I am building a big Algo. and I got stuck trying to code a helping algo.
I found some good examples in the Interner but all of them are missing a small and important detail:
I need to code a methode: combine(int[] numbers, int n)
numbers
is an array of unique numbers, for example: {1,2,3,4,5,6,7,8,9}
and n
is the length of the combinations, for example: n=3 -> [1,2,3] or [7,2,5]
as simple example of the method:
int[] numbers = {1,2,3,4}
System.out.println(combine(numbers,2))
the output should look like this:
1,2
1,3
1,4
2,3
2,4
3,4
its very important that redundant does not come out, such as: 1,2
and 2,1
and also not same numbers such as 1,1
or 2,2
the code that I found looks like this: (it does not remove redundant and that is my problem)
public static List<int[]> combinations(int n, int[] arr) {
List<int[]> list = new ArrayList<>();
// Calculate the number of arrays we should create
int numArrays = (int)Math.pow(arr.length, n);
// Create each array
for(int i = 0; i < numArrays; i++) {
list.add(new int[n]);
}
// Fill up the arrays
for(int j = 0; j < n; j++) {
// This is the period with which this position changes, i.e.

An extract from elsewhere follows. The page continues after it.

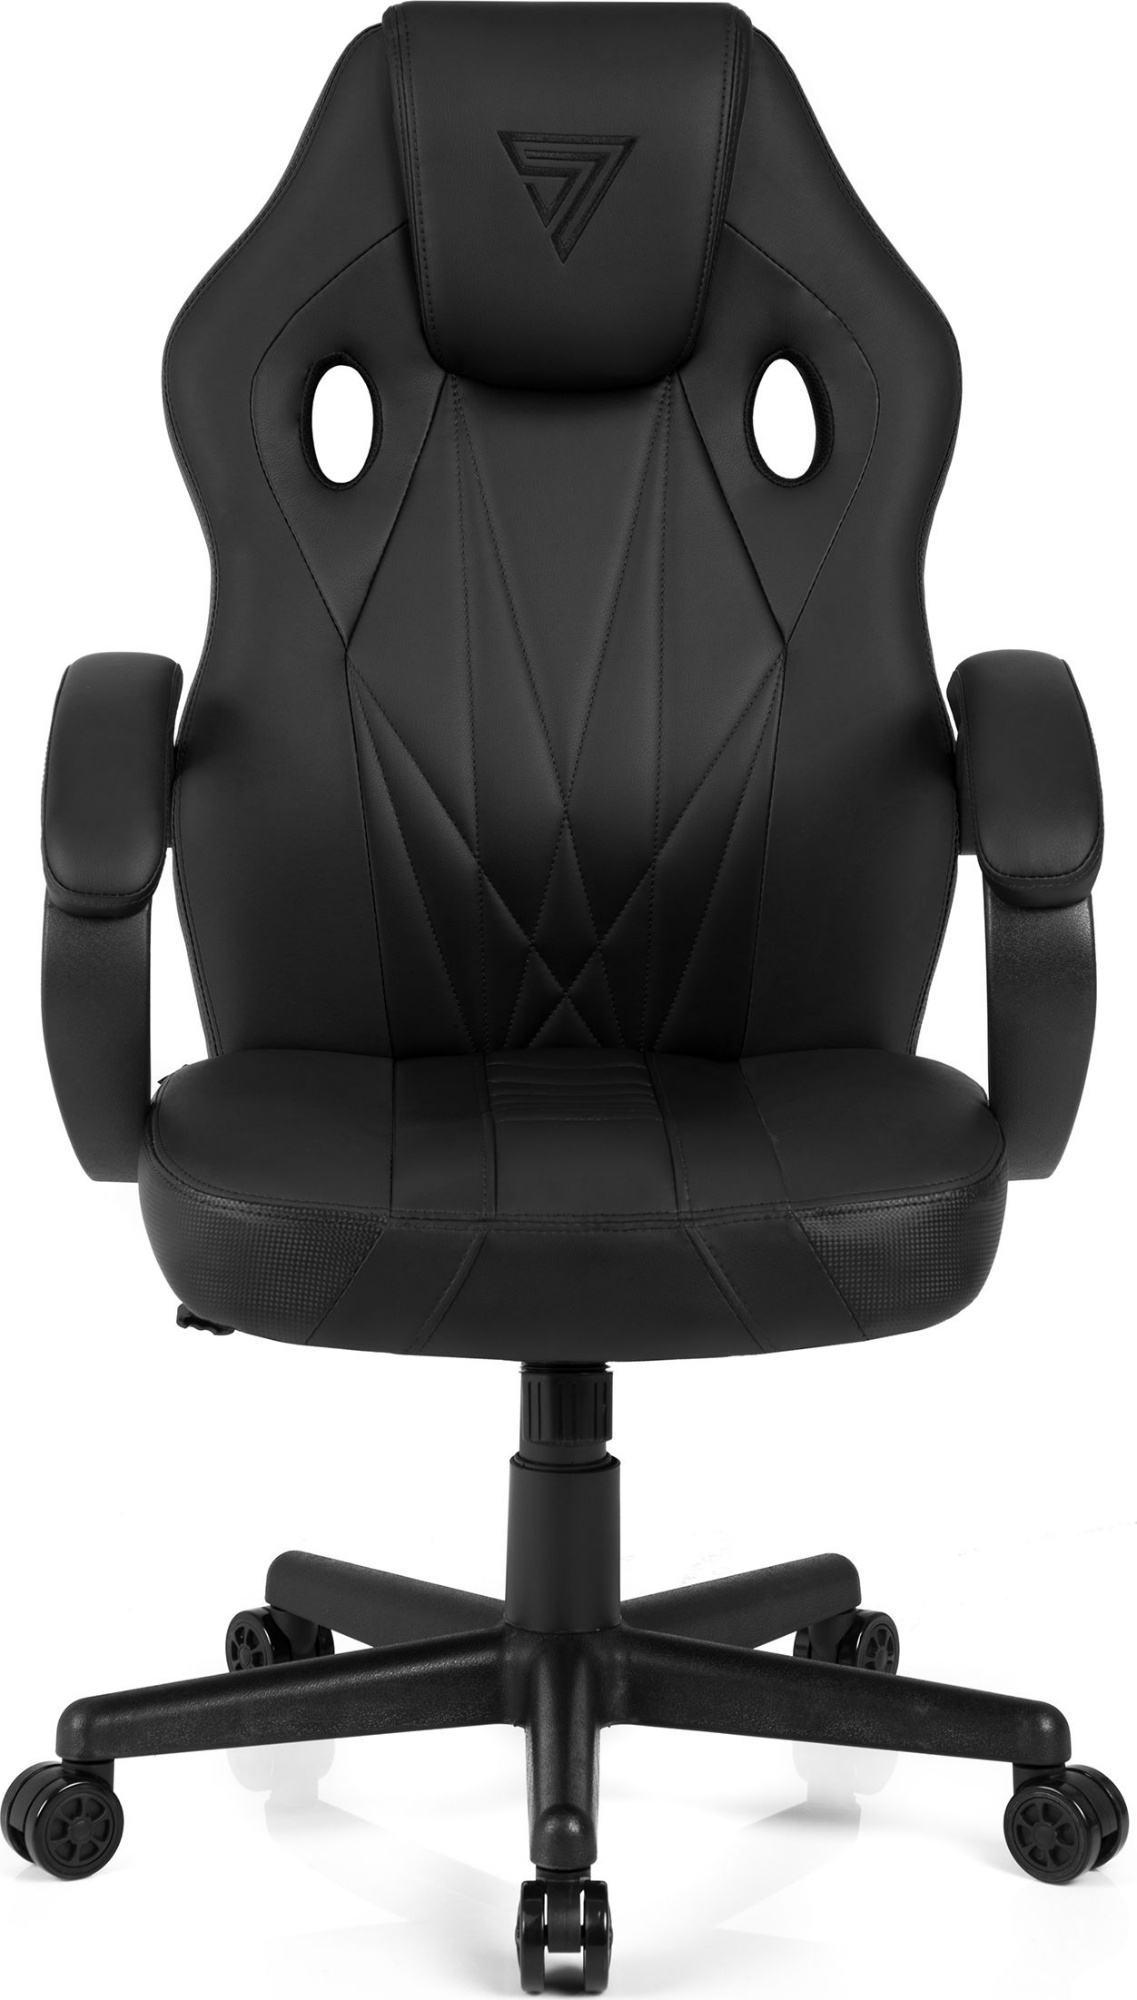 Геймерское кресло SENSE7 Prism Black,  по выгодной цене с .

// a period of 5 means the value changes every 5th array
int period = (int) Math.pow(arr.length, n - j - 1);
for(int i = 0; i < numArrays; i++) {
int[] current = list.get(i);
// Get the correct item and set it
int index = i / period % arr.length;
current[j] = arr[index];
}
}
return list;
}
and I did call it in main like this:
public static void main(String[] args) {
int[] current = {1,2,3,4,5,6,7,8,9};
List<int[]> s = combinations(2,current);
for(int j = 0; j < s.size(); j++) {
System.out.println(((int[])s.get(j))[0] +"," +((int[])s.get(j))[1]);
}
}
and the output looks the same like the one before but with more combinations and alot of redundants
how to edit the code above to get the output with out redundants?